Conductor Jonathan Darlington Director Francois Racine Chorus Director Kinza Tyrrell Lighting Design Gerald King Scenic Design Olivier Landreville Costume Design Dominique Guindon

Faust David Pomeroy Marguerite Simone Osborne Méphistophélès Robert Pomakov Wagner Scott Rumble
Valentin Peter Barrett Siébel Mireille Lebel Marthe Schwerlein Emilia Boteva

Sung in French with English SURTITLES TM

Reviewer Erin Jane


Vancouver Opera’s third annual festival features two beloved opera classics under the theme of Fairy Tales and Fables. Gounod’s French masterpiece Faust will be playing three nights while Rossini’s La Cenerentola is offering an extended nine performance run.
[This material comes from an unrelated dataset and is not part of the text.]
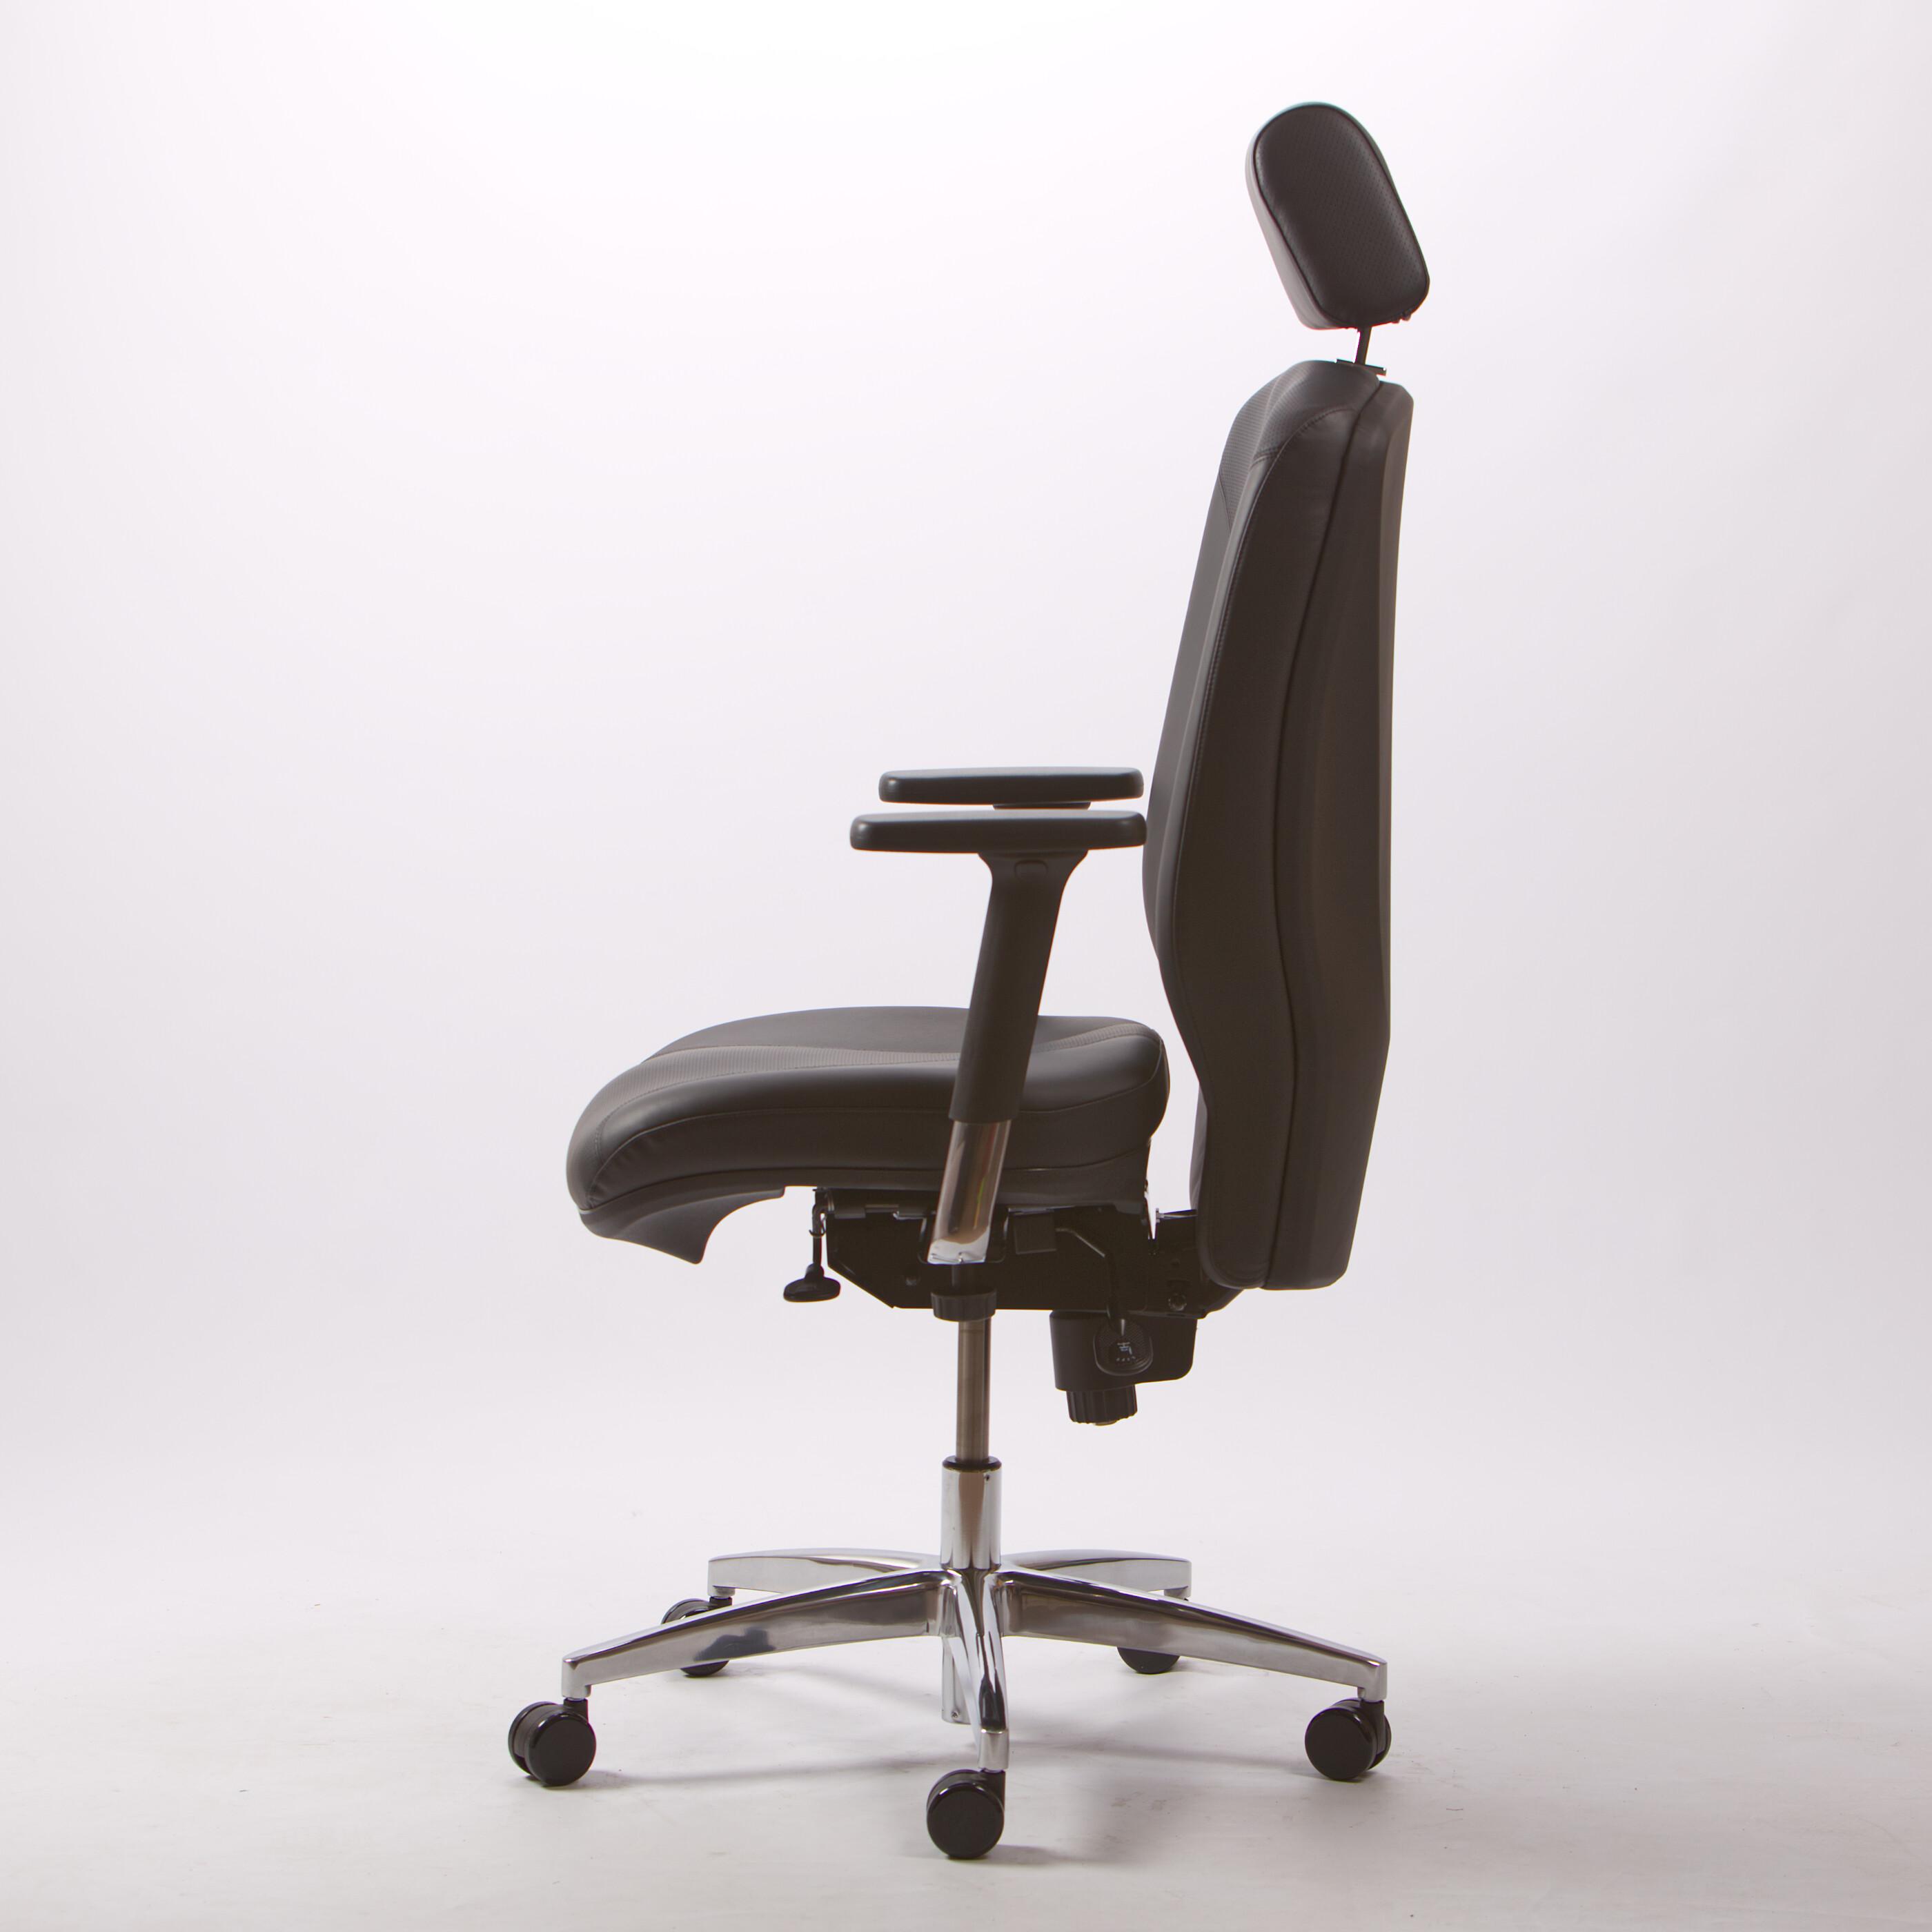 TERGON Bürostuhl T6.0 XL Ergoprotection 03

Charles Gounod’s version of Faust, originally performed in 1859 Paris to a French libretto by Jules Barbier and Michel Carré, has few of the existential themes of the equally renown tragic play by Goethe, and favours a much more melodramatic story. It’s the male-centric Woody Allen film of 19th century French opera (albeit with far less subtle subjugation and mistreatment of vulnerable young women). The story begins as Faust, an aging man facing loveless death, meets Méphistophélès, who offers his services and renewed youth in exchange for Faust’s soul, and thrown into the bargain is Marguerite – an innocent and beautiful young girl, with whom Faust falls in love and in doing so inadvertently sentences her to a seemingly over-the-top cruel fate of her own.

Marguerite has arguably the most dramatic and demanding role, with plenty of stage time and more character transformation than any other part. She is at first the very symbol of beauty, youth, and modesty. But as she allows herself to be seduced first by Méphistophélès’ jewels and then by Faust himself, she becomes an abandoned outcast, eventually cursed and damned by her own brother. The final act sees her post-infanticide, in a state of psychosis, and awaiting execution – certainly the “rock bottom” of her character arc. As Marguerite, Simone Osborne has a vulnerability that is made for this role, and her sweeping soprano is dramatic perfection.

This is a tight-knit cast of only seven principal characters, but each one shines in their role with impressive aplomb. Canadian tenor David Pomeroy (who is no newcomer and has sung the title role of Faust multiple times before) disappears into the role seamlessly and his voice carries the part well especially in the higher register. Toronto native Robert Pomakov makes his Vancouver Opera debut as Méphistophélès, and his rich bass voice brings massive depth to his part, at times more demonic and other times whimsical. But there are moments where Pomakov lends his character more sensitivity and kindness (in particular towards Marguerite) than Faust or even Marguerite’s angry and ashamed brother Valentin, sung with bravado by baritone Peter Barrett.

Faust’s classic set design towers above in forebodingly tall and imposing wardrobe-like structures, which move together and apart to reveal various settings: a tavern, a town square, a prison. They are as “larger than life” as the opera itself, and create shadows that hide the darker elements of the story – that of judgement, madness, despair, and ambiguous redemption. Director Francois Racine plants these ideas deep into the performance and they emerge throughout with the help of the incredibly talented Vancouver Opera Orchestra as well as the Vancouver Opera Chorus as students, soldiers, villagers, angels, and demons.

Maestro Jonathan Darlington conducts in this richly musical performance, with notably some deeply dramatic organ features during the cathedral scene and the finale, as well as some beautiful parts that present delicate stringed high notes and urgent rushing and rising throughout climactic parts. A military march in Act 4 (Deposons les armes and Gloire immortelle de nos aïeux) was sung very quietly and could have been bolder, as it is a march and a soldier’s chorus after all, but did not detract from the orchestra’s overall prominence in supporting the mythical story of Faust.
In the end, Faust teaches us that time really is our most precious resource, a truth we do not fully understand often until we are older. With a running time of just over three hours, consider the Vancouver Opera Festival time well spent.